Страница 32 из 77
— Бэри! — строго воскликнул Пауэл. — Ты что это делаешь?
— Рисоваю картиноцки, — отозвалась Барбара, — славные картиноцки для папы.
— Спасибо, душенька, — сказал он. — Превосходная идея. Теперь пойди сюда и посиди с папой.
— Не-е, — ответила она, продолжая рисовать.
— Ты моя девочка?
— Дя.
— А разве моя девочка бывает непослушной? Мэри слушается папу.
Барбара взвесила в уме этот довод.
— Дя, — ответила она, сунула карандаши в карман и села рядом с Пауэлом на тахту, взяв его за руки своими выпачканными в мелу ручонками.
— Право же, Барбара, — пробормотал он, — твоя шепелявость начинает меня беспокоить. Может быть, тебе нужно надеть пластиночку на зубы?
Он сказал это полусерьезно. Как-то забывалось, что рядом с ним сидит взрослая девушка. Он заглянул в темные глубокие глаза, сверкающие и пустые, как не наполненный вином бокал.
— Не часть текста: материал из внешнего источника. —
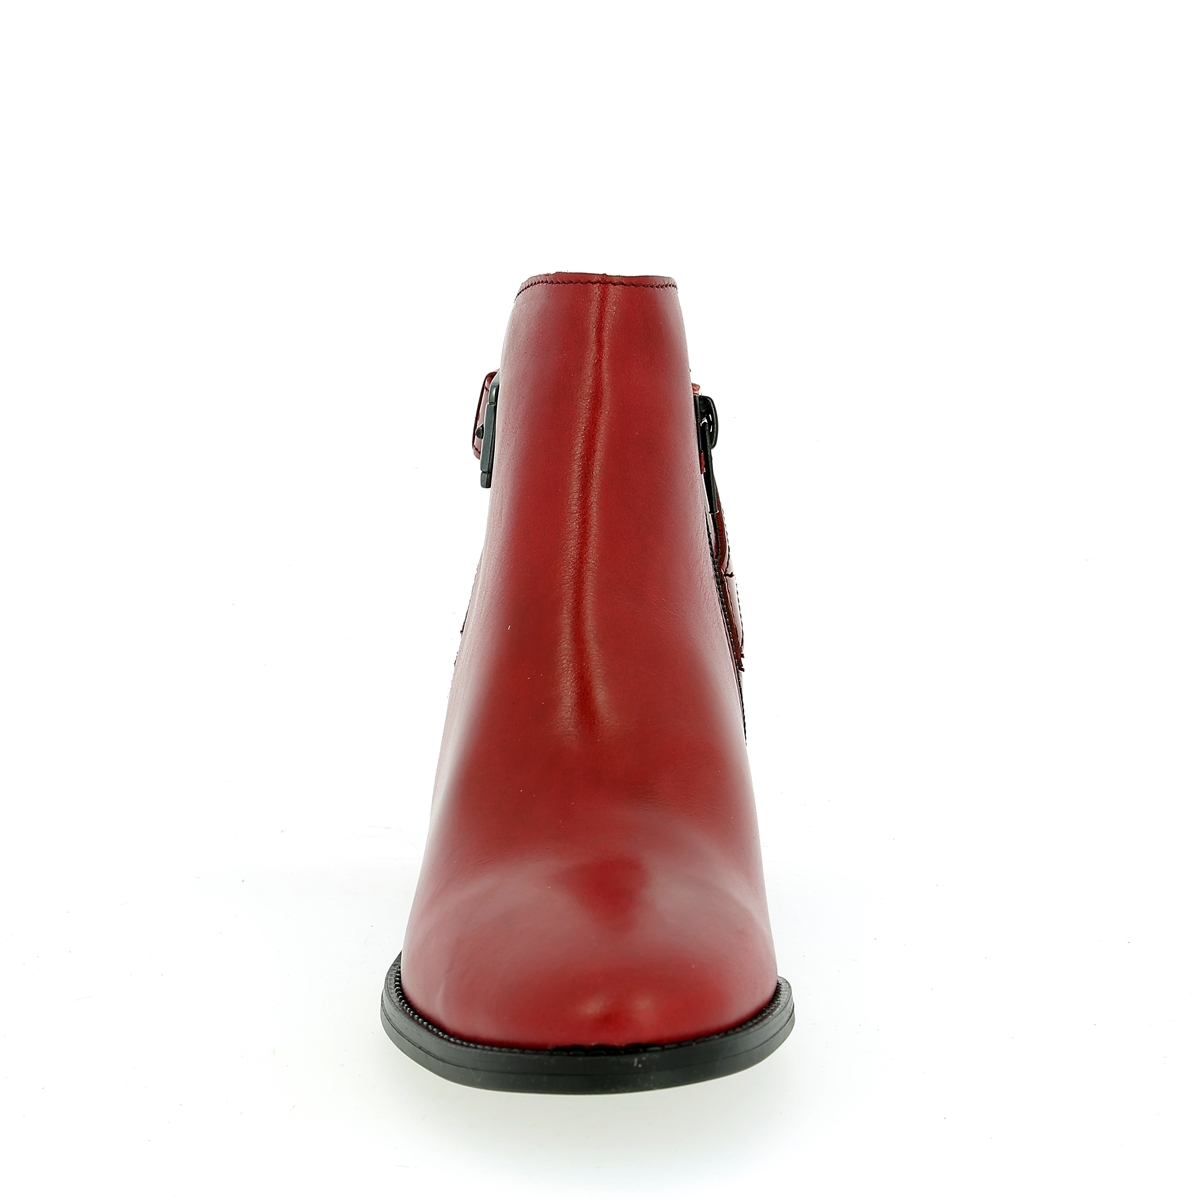 Cypres Boots rouge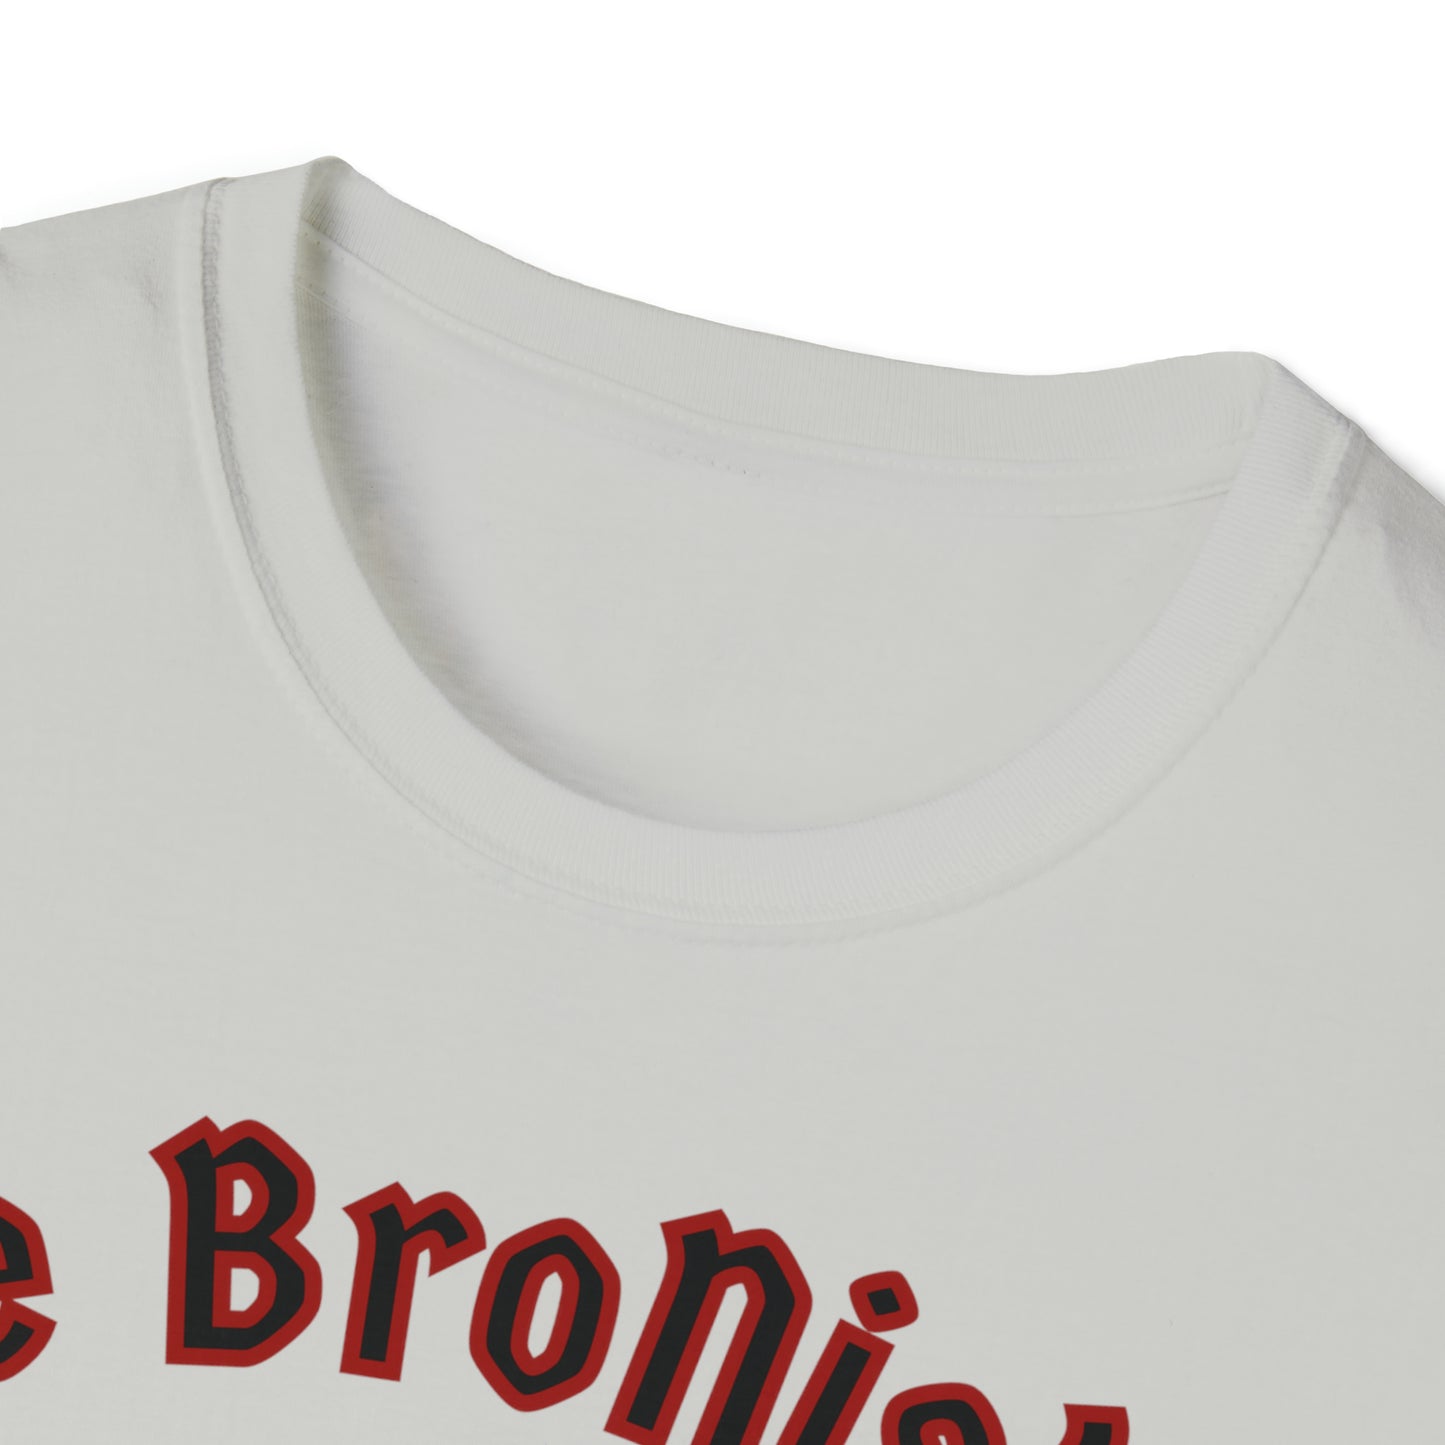 The Bronisher #1 Unisex Softstyle T-Shirt, Bold Personality Tee, Motivational Workout Apparel, Superhero Unisex wear, Vibrant Shirt Graphic, Gift for Gym Goers, Unique statement T shirt,Premium Quality Apparel, Trendy Graphic T-Shirt,Bold Personality Tee

Медленно пробираясь сквозь верхние слои ее сознания, он приближался к густо затянутому покровом туч взбаламученному подсознанию. Слабый проблеск света там, за тучами, одинокий и трогательный, стал уже чем-то мил ему. Но сейчас его встретил не робкий проблеск, а острие луча, который мог бы исходить разве что от пышущей грозным жаром новой звезды.
— Здравствуй, Барбара. Ты, кажется…
Откликом был такой взрыв страсти, что Пауэл поспешно отступил.
— Эй, Мэри! — крикнул он. — Скорей сюда!
Из кухни выскочила Мэри Нойес.
— Новые осложнения?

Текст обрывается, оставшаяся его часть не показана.